# Flower image classification using Computer Vision






In [None]:
import numpy as np
from numpy import array
from numpy import argmax
import pandas as pd

import random
random.seed(32)

import glob
import h5py

import os
from os import listdir

import json
import datetime
import time
from tqdm import tqdm

#Plotting libraries
import matplotlib.pyplot as plt
import matplotlib.image as mpimg

#image handling libraries
import cv2
import scipy
import scipy.io
from scipy import ndimage

#skimage library imports
from skimage import io, filters, morphology, measure
from skimage.measure import label,  regionprops
from skimage.filters import sobel

from sklearn.cluster import KMeans
from sklearn.preprocessing import LabelEncoder

import pickle

# keras imports
import tensorflow as tf
from tensorflow import keras
from keras.applications.vgg16 import VGG16, preprocess_input
from keras.applications.vgg19 import VGG19, preprocess_input
from keras.applications.xception import Xception, preprocess_input
from keras.applications.resnet50 import ResNet50, preprocess_input
from keras.applications.inception_resnet_v2 import InceptionResNetV2, preprocess_input
from keras.applications.mobilenet import MobileNet, preprocess_input
from keras.applications.inception_v3 import InceptionV3, preprocess_input

from keras.preprocessing import image
from keras.preprocessing.image import img_to_array, load_img
from keras.preprocessing.text import Tokenizer
from keras.preprocessing.sequence import pad_sequences

from keras.models import Model, load_model, model_from_json
from keras.layers import Input, Dense, LSTM, Embedding, Dropout, GlobalAveragePooling2D, GlobalAveragePooling3D
from keras.layers.merge import add
from keras.utils import plot_model, to_categorical
from keras.callbacks import ModelCheckpoint


#Diagnostic libraries
from nltk.translate.bleu_score import corpus_bleu

In [None]:
folderName = r'../Storage'
imageDir = folderName + '/train_filtered'

In [11]:
#oxford102_flower_dataset_labels.txt contains a dataset where index is the unique label and column "Names" is the name of the flower for the image label id 
#read labels from oxford102_flower_dataset_labels.txt
oxford102_labels = pd.read_csv('oxford102_flower_dataset_labels.txt', delimiter='\t', header=None, names=['Names'])
# Image labels are 1 based, changed the index of the image database label
oxford102_labels.index = np.arange(1, len(oxford102_labels) + 1)
print(oxford102_labels)
print()
print("Test Print: FLower Name and its unique label")
print(oxford102_labels.loc[77])

                            Names
1                 'pink primrose'
2     'hard-leaved pocket orchid'
3              'canterbury bells'
4                     'sweet pea'
5              'english marigold'
..                            ...
98              'mexican petunia'
99                     'bromelia'
100              'blanket flower'
101             'trumpet creeper'
102             'blackberry lily'

[102 rows x 1 columns]

Test Print: FLower Name and its unique label
Names     'passion flower'
Name: 77, dtype: object


### Assumptions
###1. If there is no definit number petals for a flower, then the petal count may or may not be added to the oxford102lables dictionary.
###2. The predicted petals count may or may not be displayed based on input from the user.

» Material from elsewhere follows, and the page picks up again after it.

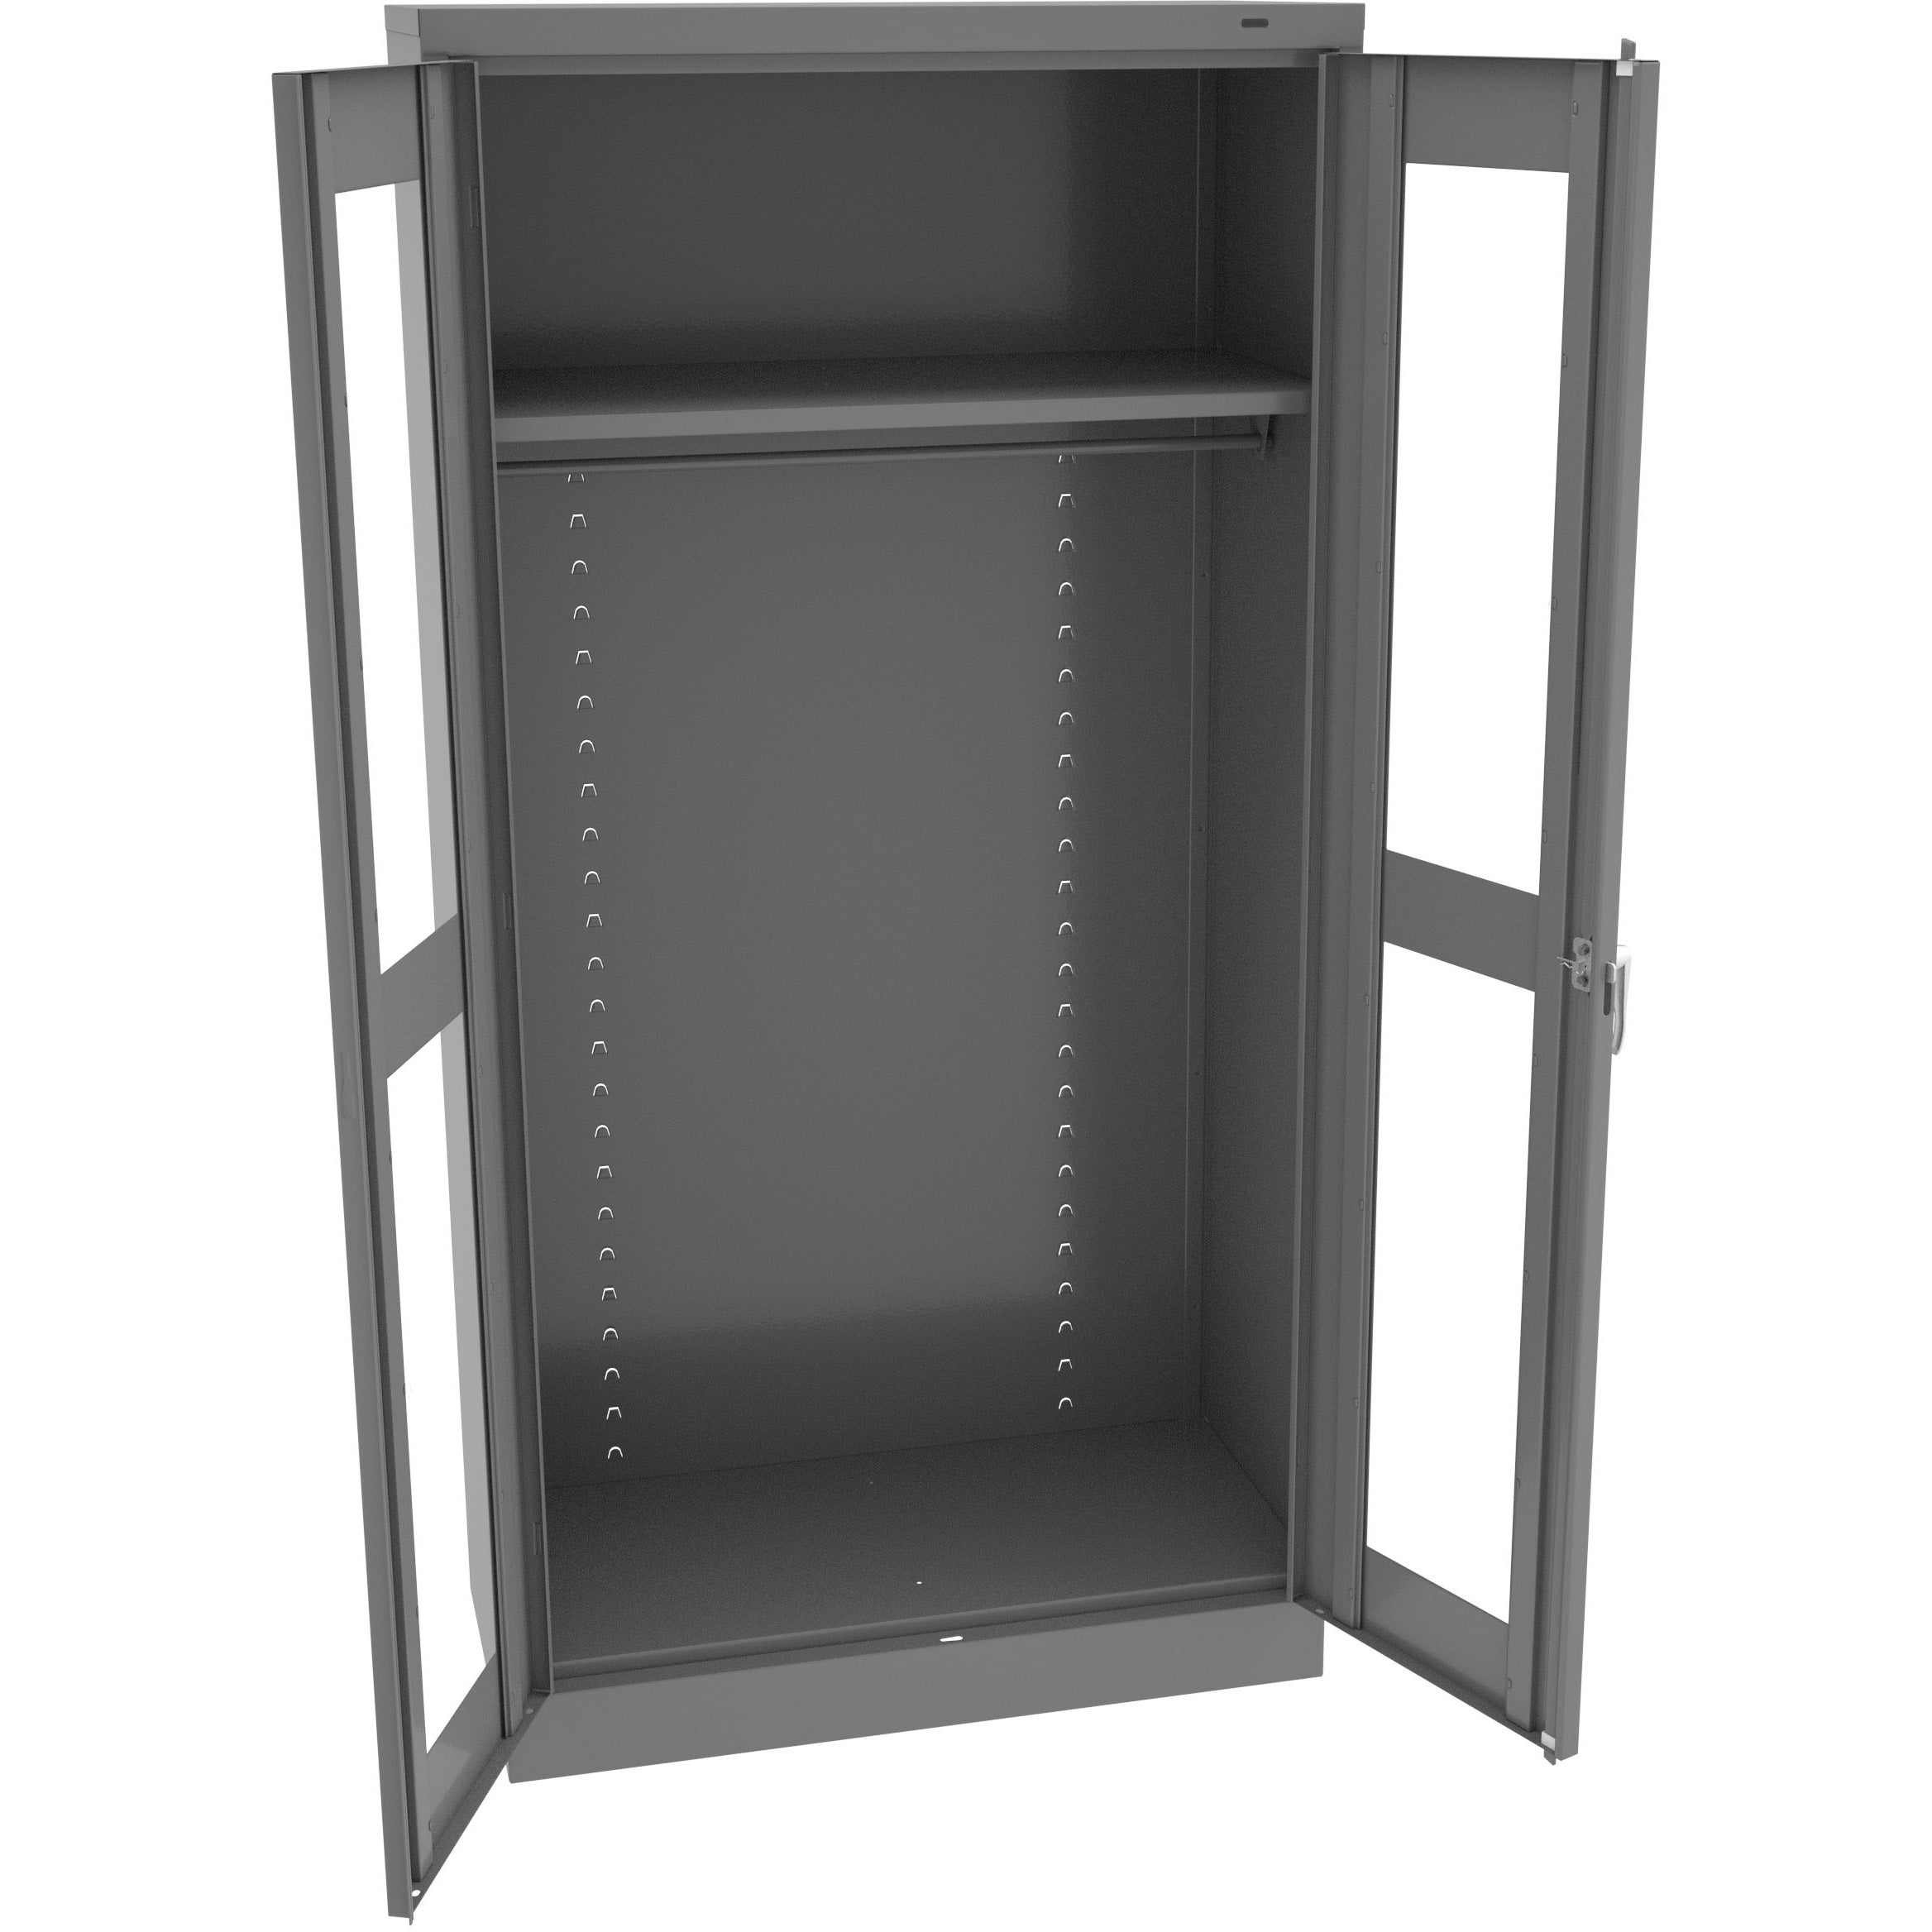 Tennsco 72" High Standard Wardrobe Cabinet with C-Thru Doors - Assembled, CVD7114
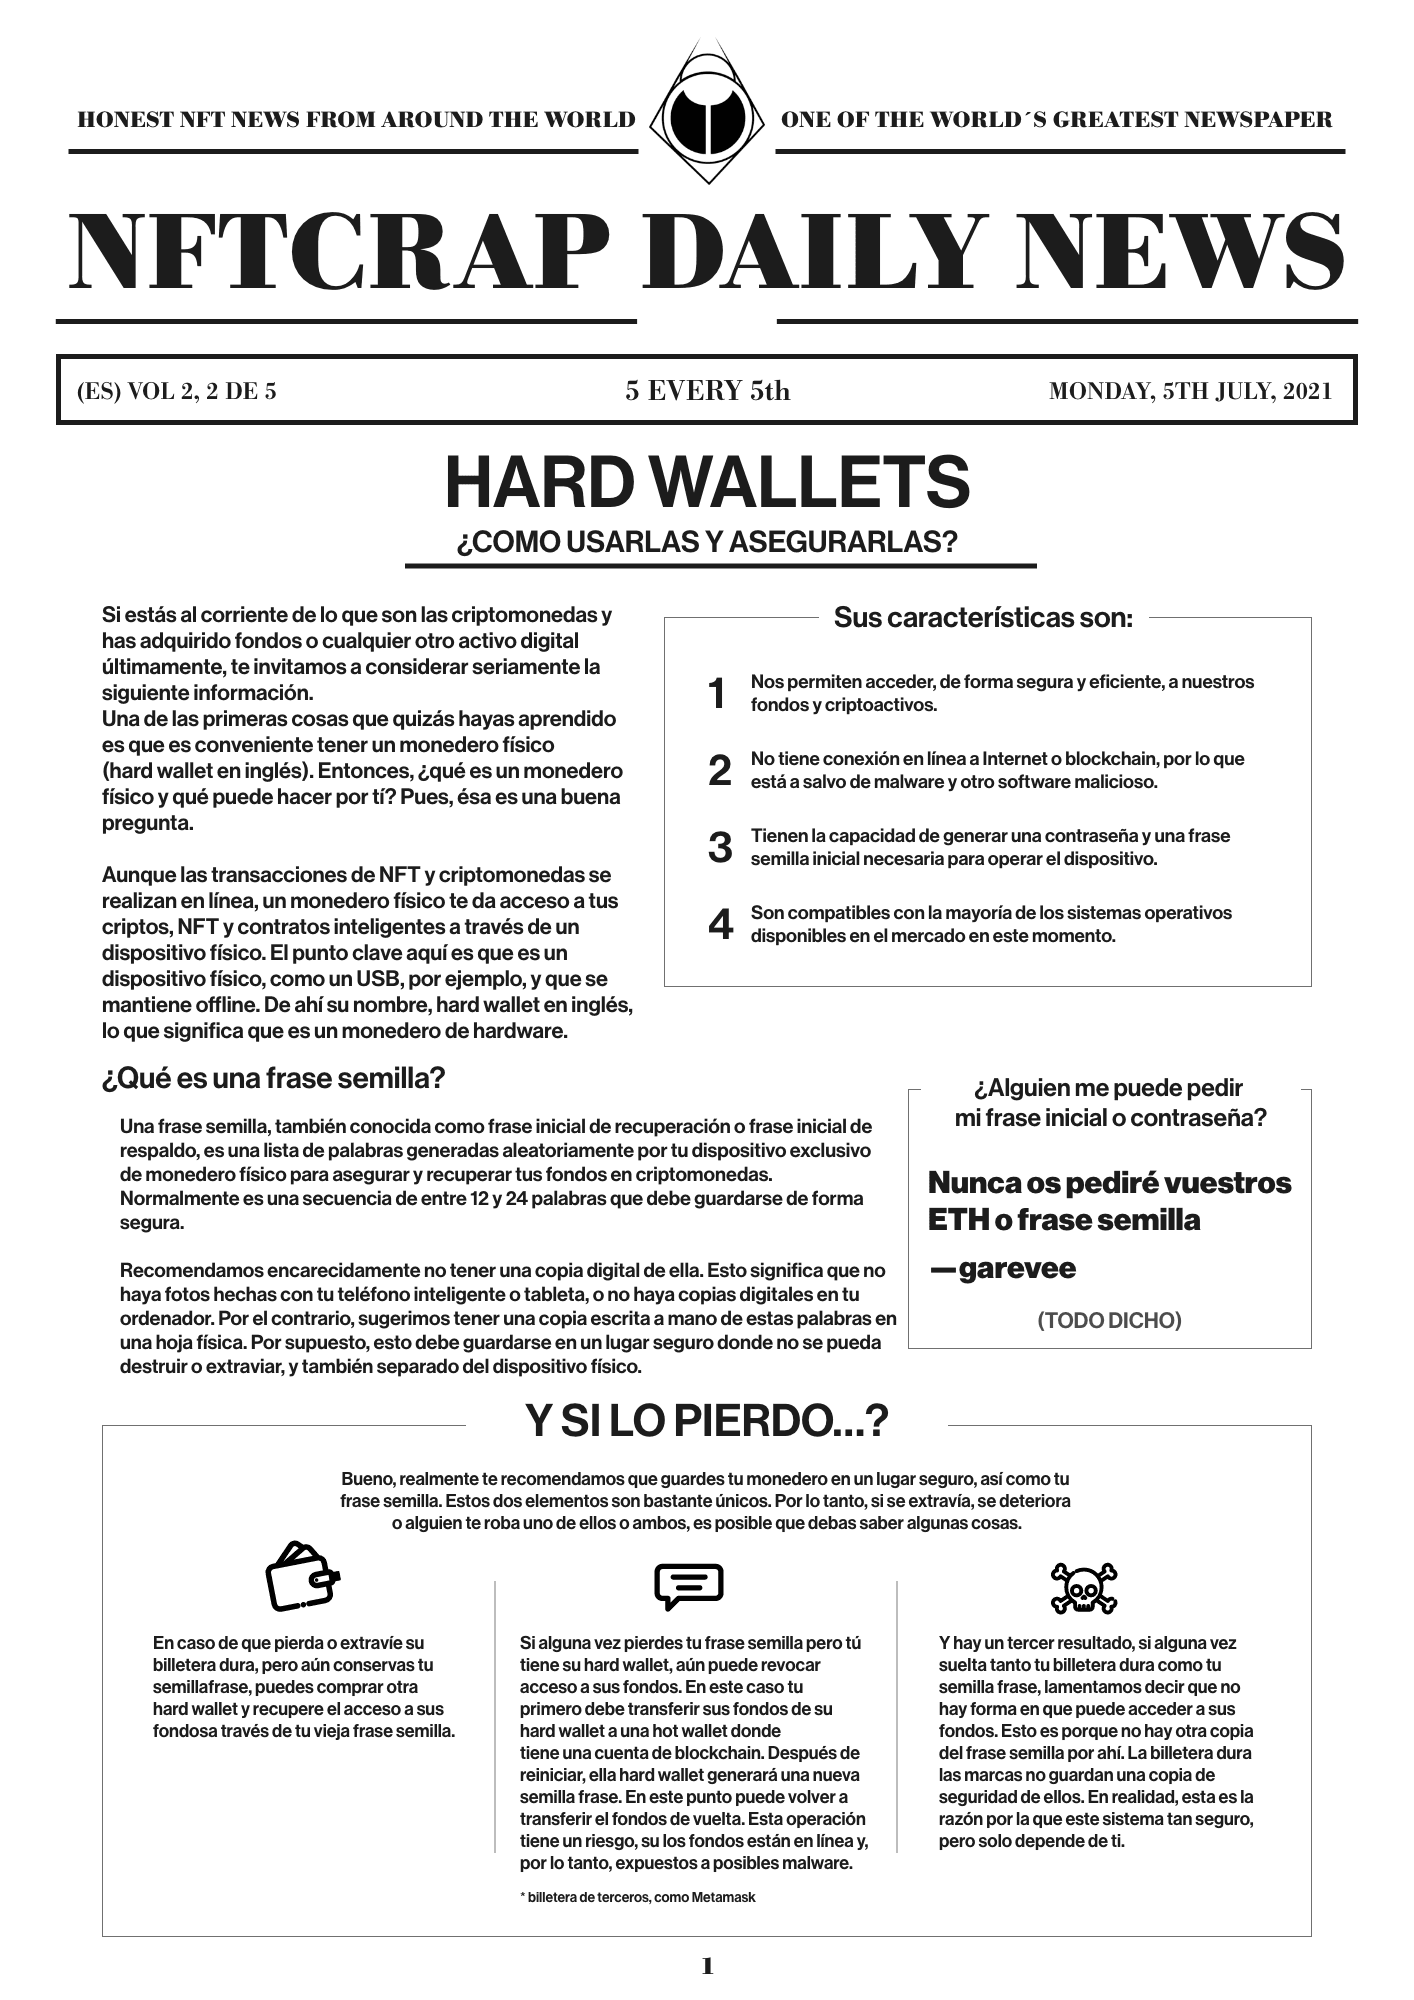 Hard Wallets (ES) #2/5

##Extract Features using model for image classification with weights trained on ImageNet

In [3]:
# config variables
model_name    = "resnet50" #"vgg16"  #"inceptionv3"
weights       = "imagenet"
include_top   = False #input shape will be specified, so it is false 
features_path = "output/flowers_102/resnet50/features.h5"
labels_path   = "output/flowers_102/resnet50/labels.h5"
test_size     = 0.02 #80% training data and 20% test data
results       = "output/flowers_102/resnet50/results.txt"
model_path    = "output/flowers_102/resnet50/model"
num_classes   = 102
image_size = (224, 224)

In [4]:
# create the pretrained models
# check for pretrained weight usage or not
# check for top layers to be included or not
if model_name == "vgg16":
  base_model = VGG16(weights=weights)
  #base_model.summary()
  #model = Model(input=base_model.input, output=base_model.get_layer('fc1').output)
  image_size = (224, 224)
elif model_name == "vgg19":
  base_model = VGG19(weights=weights)
  model = Model(input=base_model.input, output=base_model.get_layer('fc1').output)
  image_size = (224, 224)
elif model_name == "resnet50":
  base_model = ResNet50(weights=weights)
  #base_model.summary()
  # add a global spatial average pooling layer
  x = base_model.get_layer('avg_pool').output
  #x = GlobalAveragePooling3D()(x)
  # let's add a fully-connected layer
  #x = Dense(2048, activation='relu')(x)
  # and a logistic layer -- we have 102 classes
  #predictions = Dense(num_classes, activation='softmax')(x)
  #model = Model(input=base_model.input, output=base_model.get_layer('fc1000').output)
  model = Model(inputs=base_model.input, outputs=x)
  model.summary()
  image_size = (224, 224)
elif model_name == "inceptionv3":
  base_model = InceptionV3(include_top=include_top, weights=weights, input_tensor=Input(shape=(299,299,3)))
  base_model.summary()
  #model = Model(input=base_model.input, output=base_model.get_layer('custom').output)
  #image_size = (299, 299)
elif model_name == "inceptionresnetv2":
  base_model = InceptionResNetV2(include_top=include_top, weights=weights, input_tensor=Input(shape=(299,299,3)))
  model = Model(input=base_model.input, output=base_model.get_layer('custom').output)
  image_size = (299, 299)
elif model_name == "mobilenet":
  base_model = MobileNet(include_top=include_top, weights=weights, input_tensor=Input(shape=(224,224,3)), input_shape=(224,224,3))
  model = Model(input=base_model.input, output=base_model.get_layer('custom').output)
  image_size = (224, 224)
elif model_name == "xception":
  base_model = Xception(weights=weights)
  model = Model(input=base_model.input, output=base_model.get_layer('avg_pool').output)
  image_size = (299, 299)
else:
  base_model = None

Model: "model_1"
__________________________________________________________________________________________________
Layer (type)                    Output Shape         Param #     Connected to                     
input_1 (InputLayer)            (None, 224, 224, 3)  0                                            
__________________________________________________________________________________________________
conv1_pad (ZeroPadding2D)       (None, 230, 230, 3)  0           input_1[0][0]                    
__________________________________________________________________________________________________
conv1 (Conv2D)                  (None, 112, 112, 64) 9472        conv1_pad[0][0]                  
__________________________________________________________________________________________________
bn_conv1 (BatchNormalization)   (None, 112, 112, 64) 256         conv1[0][0]                      
____________________________________________________________________________________________

In [9]:
# save model and weights
model_json = model.to_json()
with open(folderName + "/" + model_path + str(test_size) + ".json", "w") as json_file:
  json_file.write(model_json)

# save weights
model.save_weights(folderName + "/" + model_path + str(test_size) + ".h5")
print("Saved model and weights to disk..")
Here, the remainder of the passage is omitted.